Monday, Apr. 14, 1930

On Main Street

Practically everything that happens in Yazoo City--parades, flirtations, business deals--happens on Main Street. It is the only real street in town and if you are looking for someone, you just stand on Main Street and wait. Soon or late he will come along.

One afternoon last week two well-known Yazooans stood talking near the corner of Jefferson and Main, in front of the flyspecked window of Nector's Restaurant, where the town's bachelors go to drink their breakfast Coca-Cola. One was Mayor John T. Stricklin, oldtime politician. The other was Dentist R. E. Hawkins whom white-thatched, bespectacled Frank R. Birdsall, member of the State tax commission, editor & publisher of three-times-a-week Sentinel had supported in February's mayoralty election. Dentist Hawkins lost the election but through no fault of Editor Birdsall. The Sentinel had bitterly attacked Mayor Stricklin, alluding to cattle thieving, a charge for which the Mayor was indicted but exonerated last year. Among these three there was the kind of bad blood peculiar to a Mississippi political feud.

The Main Street bystanders suddenly became uneasy when Editor Birdsall turned the corner, making his way toward the dentist and the Mayor.

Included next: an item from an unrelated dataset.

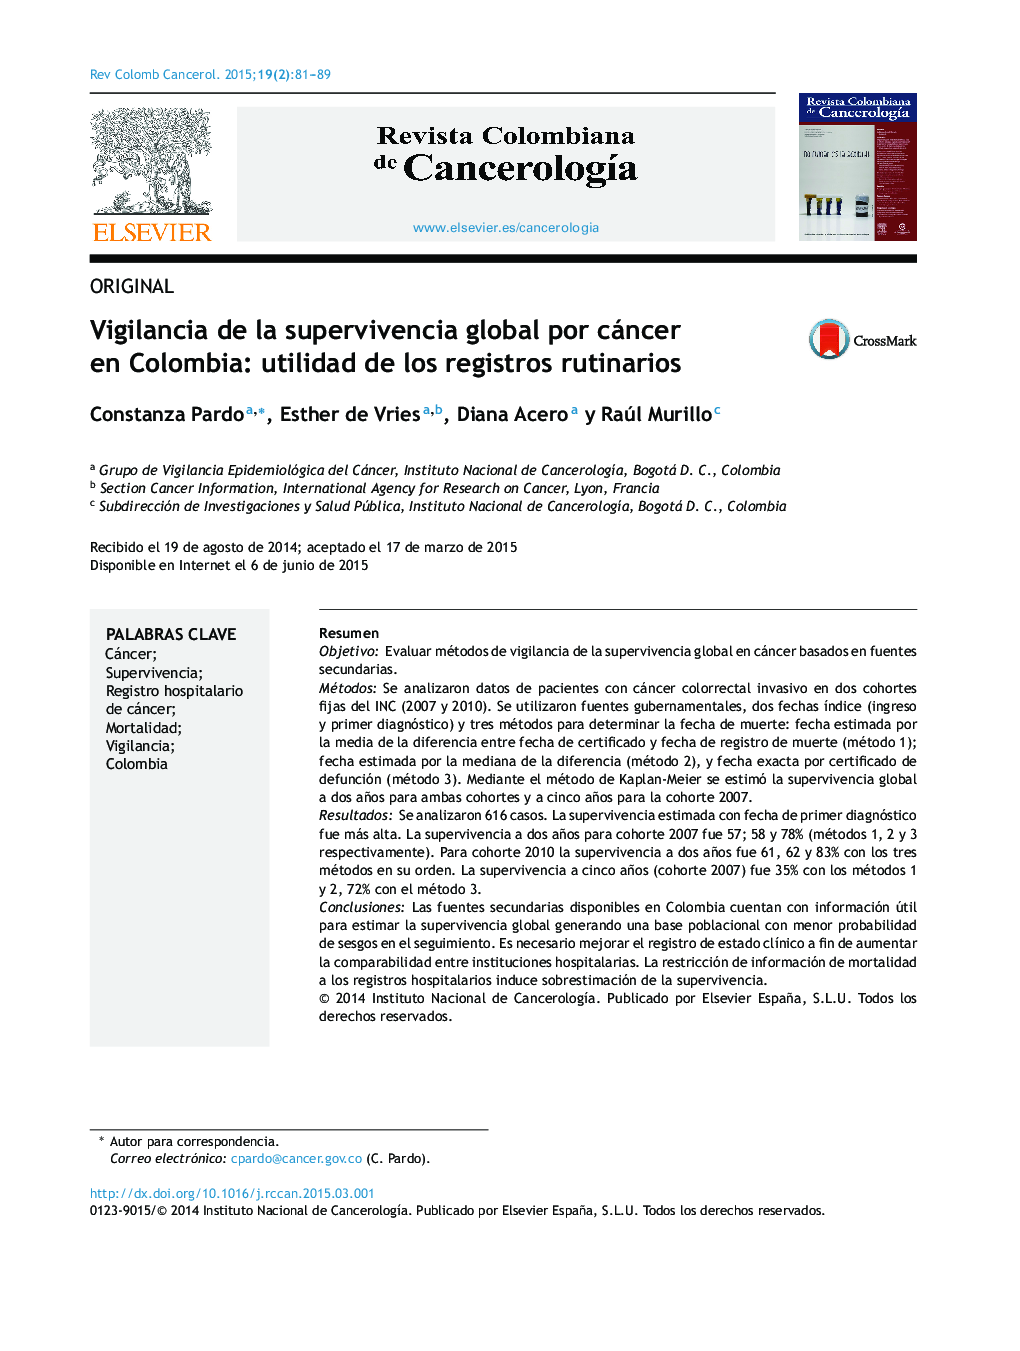 Vigilancia de la supervivencia global por cáncer en Colombia: utilidad de los registros rutinarios

The Mayor was known to handle a gun as accurately as he spat tobacco juice. The bystanders' uneasiness changed to fright when he said quietly: "Well, I might as well have it out with you fellows now."

He drew a .38 calibre revolver; there were four reports. As the dentist fled into his office, one slug tore through his coat tail. The 65-year-old publisher was struck down, riddled three times, the last shot tearing into him as he lay on the ground.

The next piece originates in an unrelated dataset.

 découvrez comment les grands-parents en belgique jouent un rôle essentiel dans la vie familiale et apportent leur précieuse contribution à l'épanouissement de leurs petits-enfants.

Mayor Stricklin got into his automobile, drove out Main Street to his son's undertaking parlors. There, surrounded by shrouds and coffins, police found him, with one of his own bullets through his head, dead.

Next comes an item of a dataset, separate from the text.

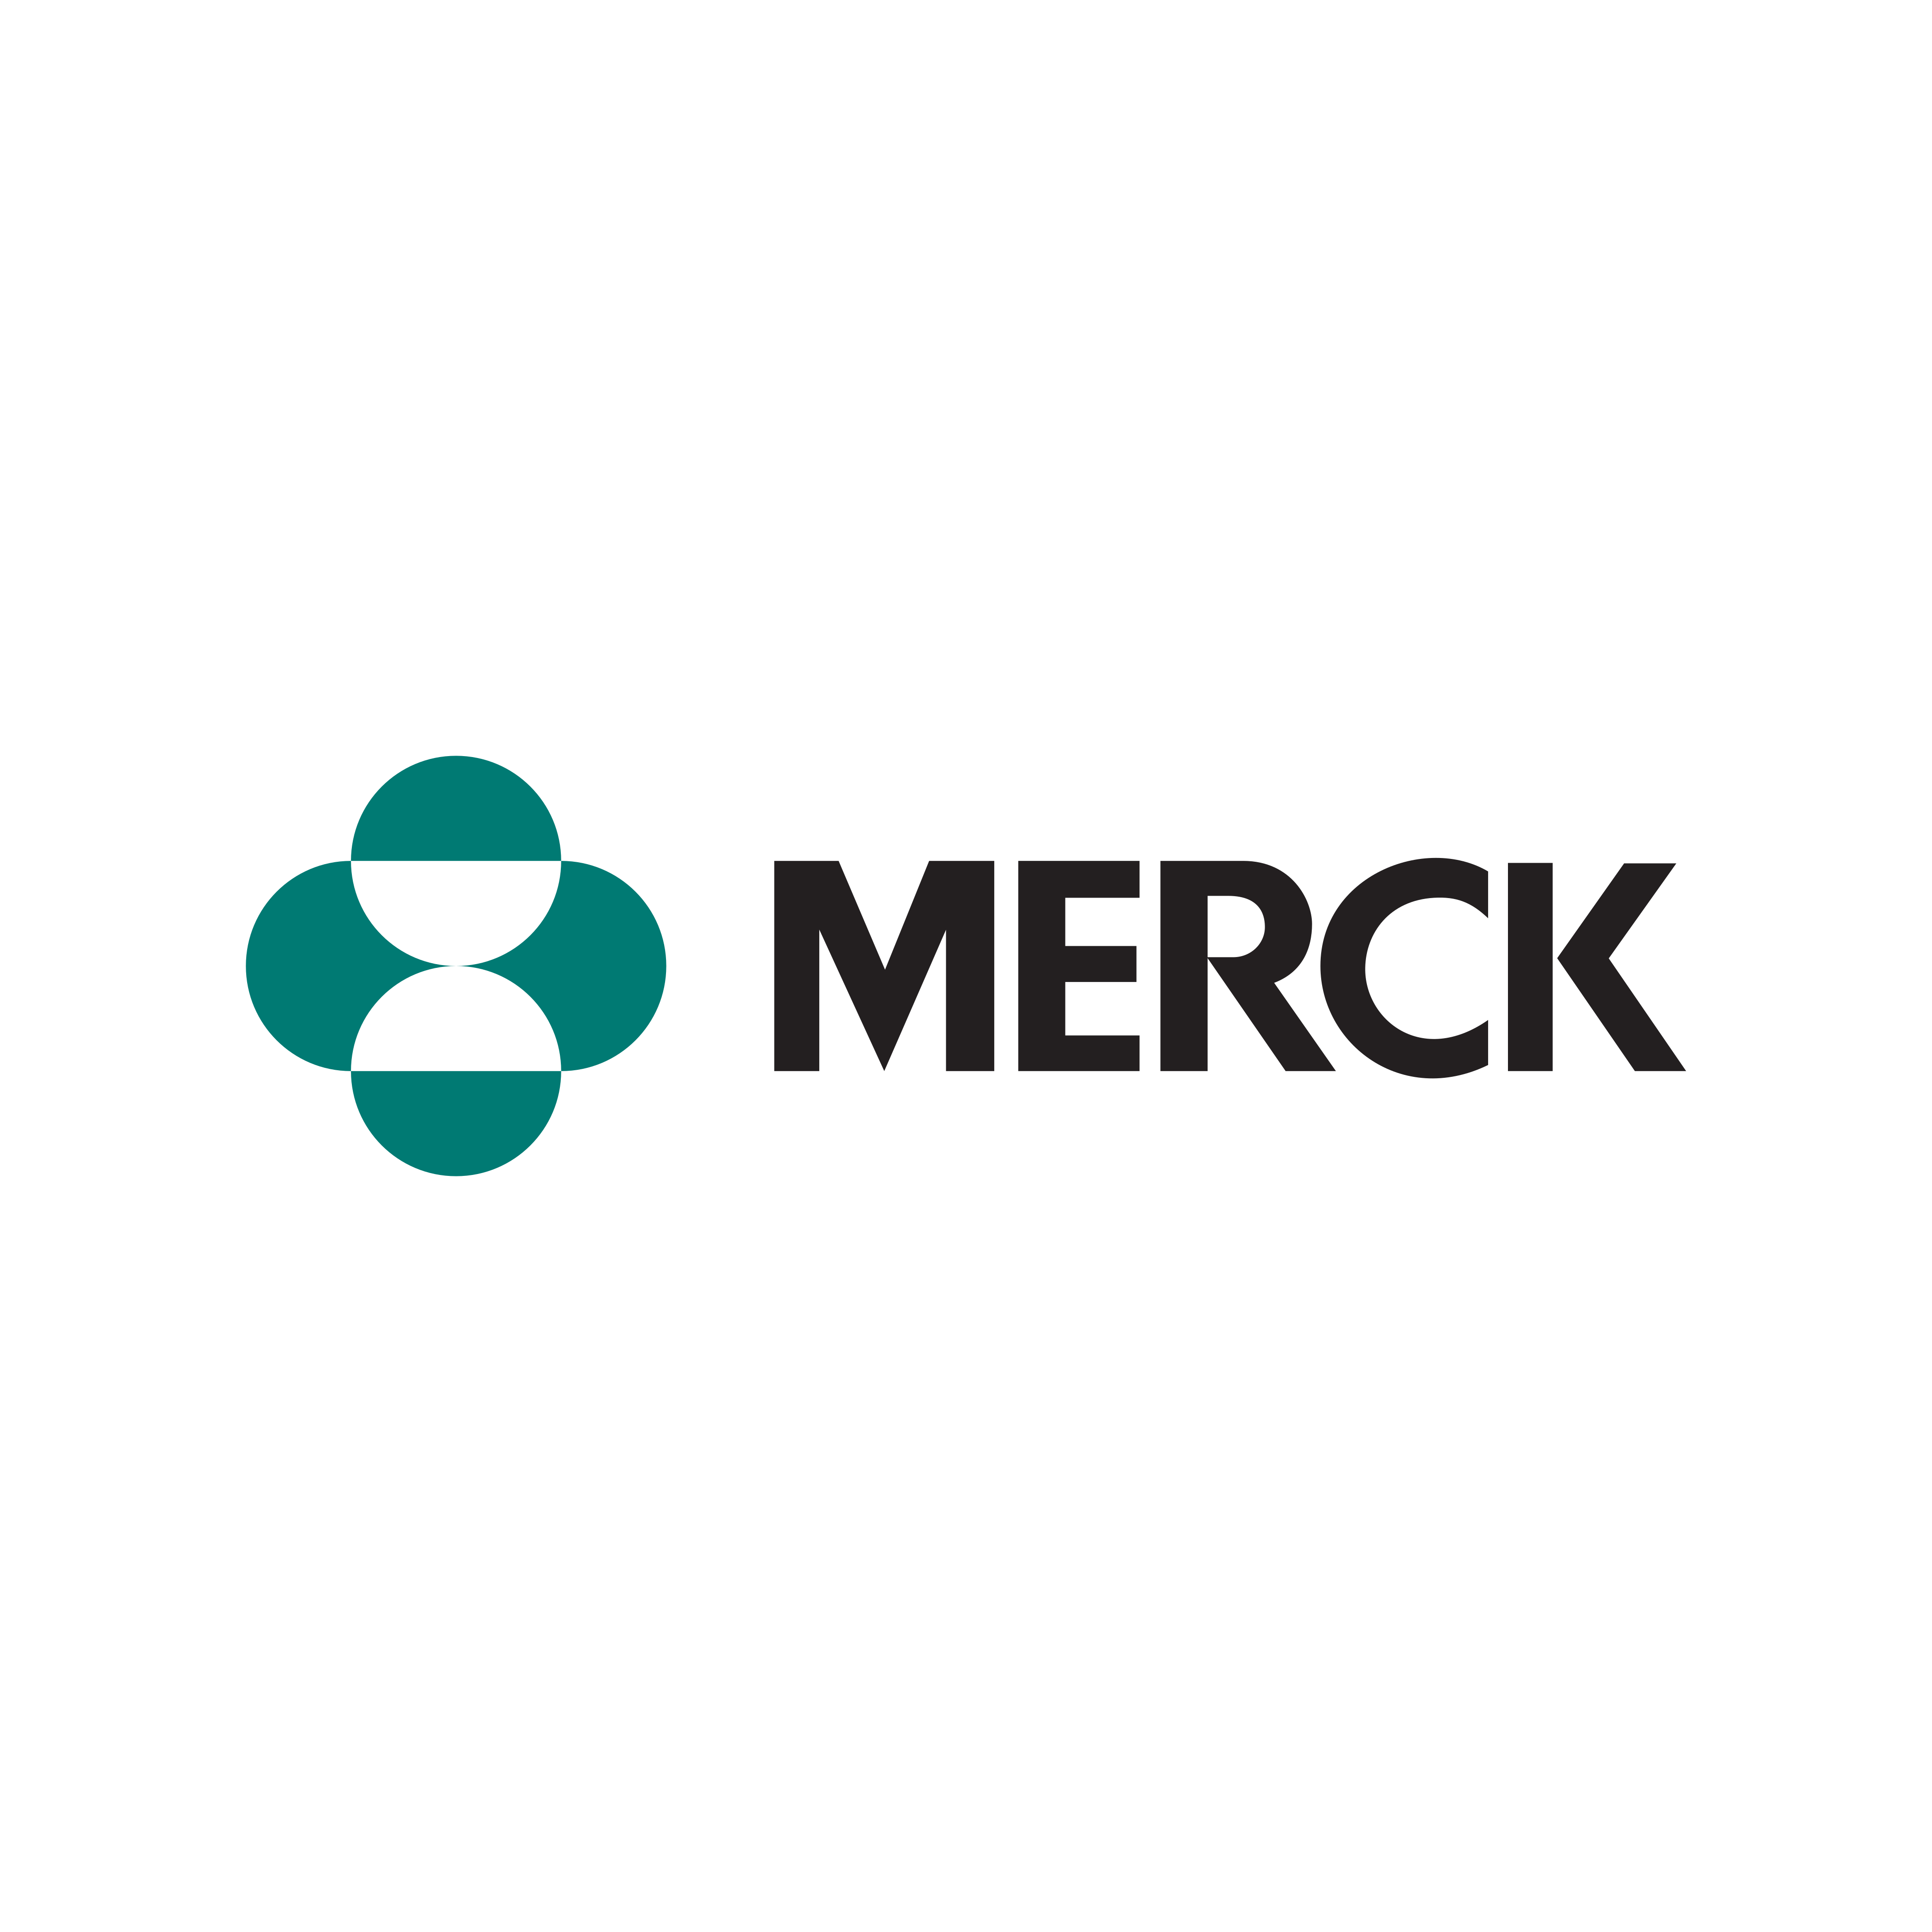 merck logo 0 - Merck Logo

At the hospital, a newsman to the last, Editor Birdsall called for his star reporter, gave instruction for his own death story. "Don't get scooped," he said at the end. "Tell the story impartially. Tell the truth and fear nothing."

Yazoo citizens knew that during his own 35 years of stormy local journalism, Editor Birdsall had certainly feared nothing. A few years after he bought the Sentinel (1895), he and his in-laws shot it out with the Kelly boys from Benton, Miss., because of an article which he had printed. In that affray he lost a brother-in-law, D. D. Dorsey. T. A. Kelly was also killed. Governor James Kimble Vardaman had to send troops to protect the jail that lodged Editor Birdsall. Now that he was dead, feud-wise Yazoo City talked it over quietly on Main Street, waited to see who would be next to fall.